Your instructions:
Return only the lines from the one that contains "Water Proof All" through the last line of the records below, exactly as they stand. Pictures are not part of the copy.

(Source records)

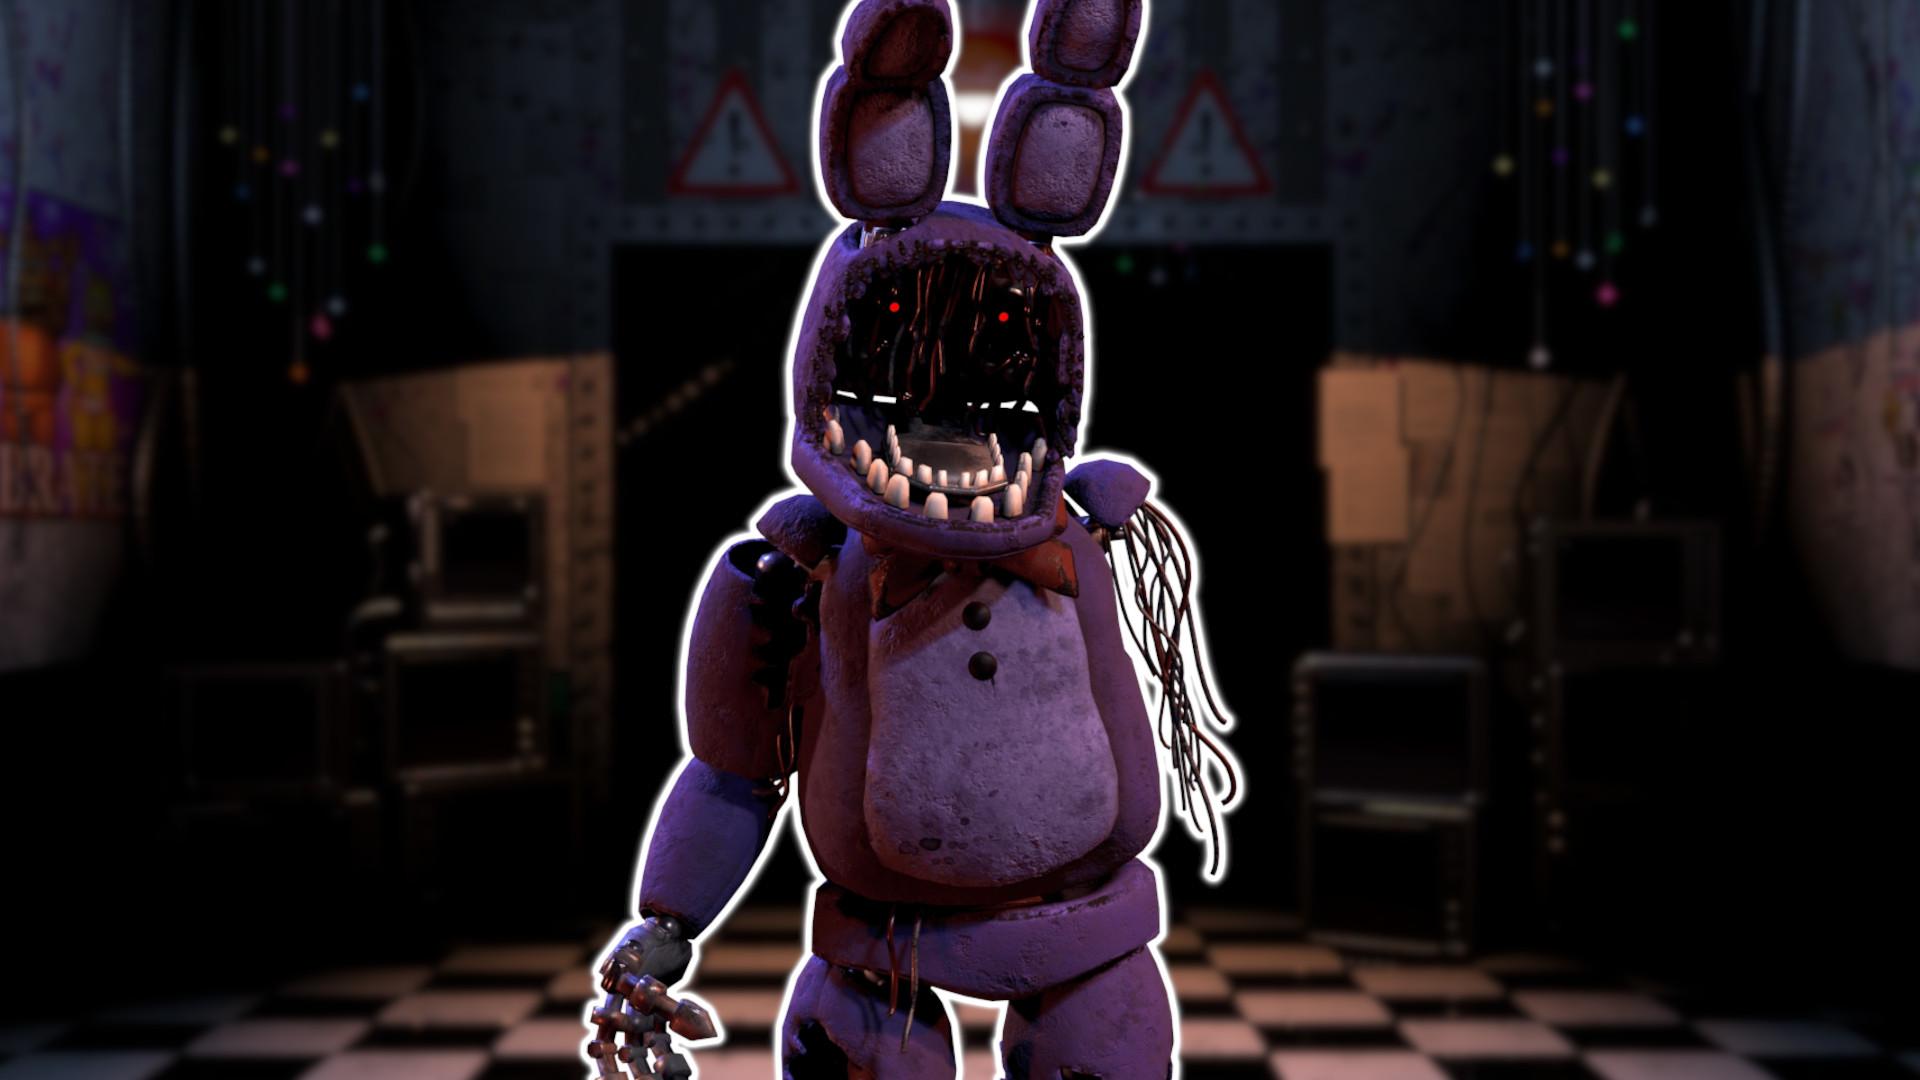 FNAF Bonnie: A cartoon rendition of Glamrock Bonnie outlined in white and pasted on a blurred screenshot of the Mega Pizzaplex lobby
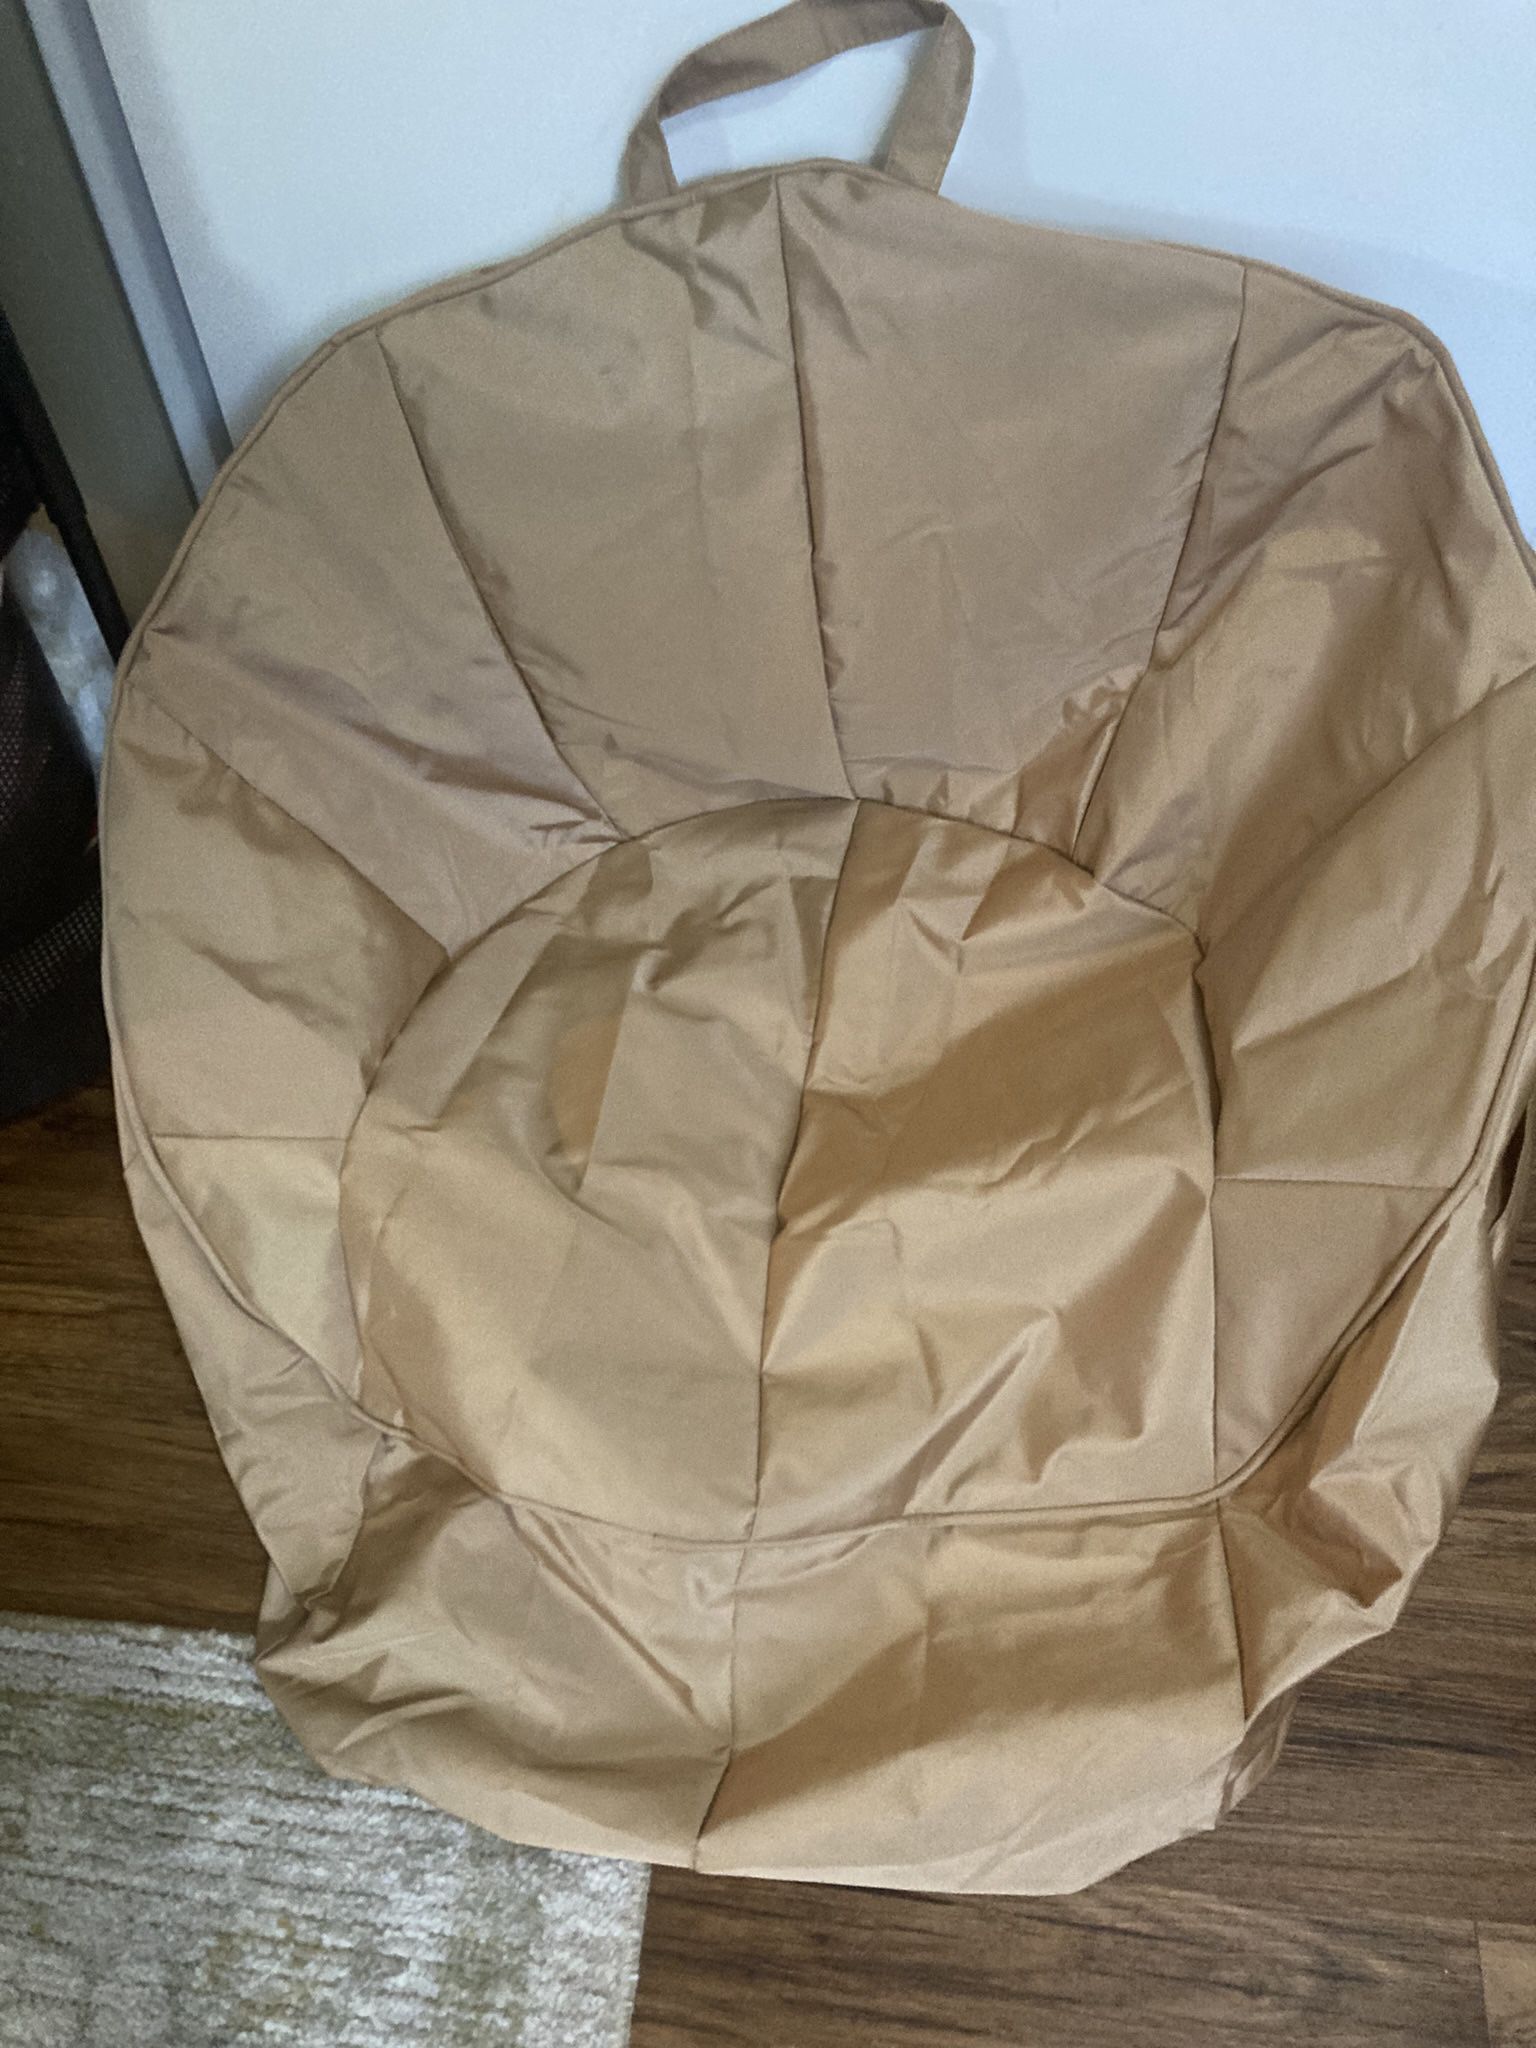 Water Proof All Season Beanless Bag Very Durable Available In Blue And Tan Color
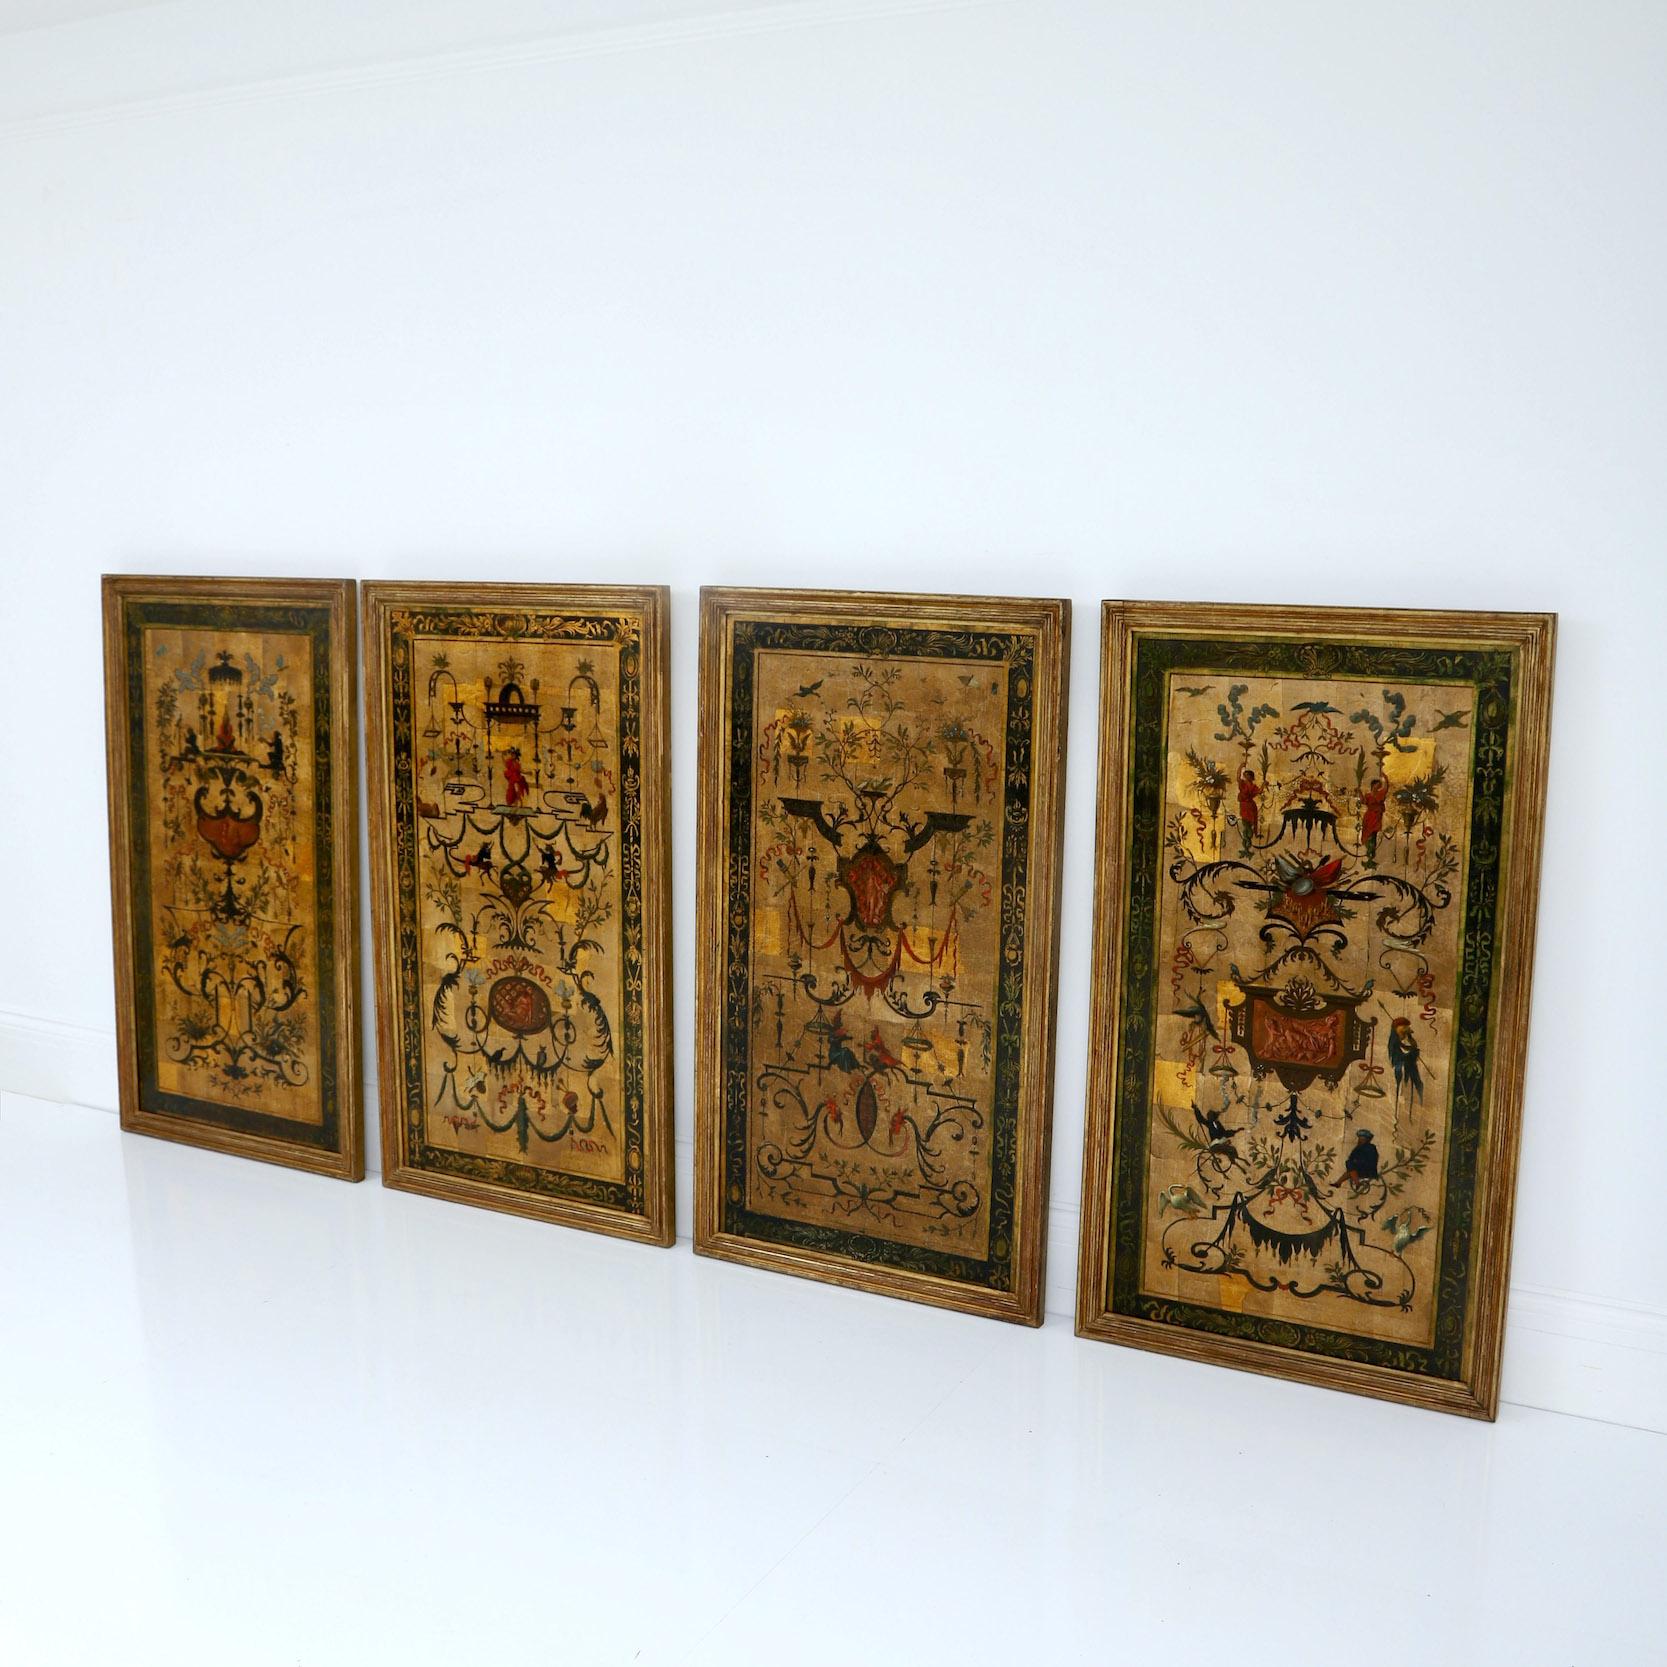 We presents a set of four 19th century paintings on canvas.

France, Circa 1840

” A stunning set of 4 oil on canvas paintings with chinoiserie decoration in the manner of Jean Bérain the Elder (1640-1711) presented in their original moulded

(End Source records)

Task output:
 Water Proof All Season Beanless Bag Very Durable Available In Blue And Tan Color
 We presents a set of four 19th century paintings on canvas.

France, Circa 1840

” A stunning set of 4 oil on canvas paintings with chinoiserie decoration in the manner of Jean Bérain the Elder (1640-1711) presented in their original moulded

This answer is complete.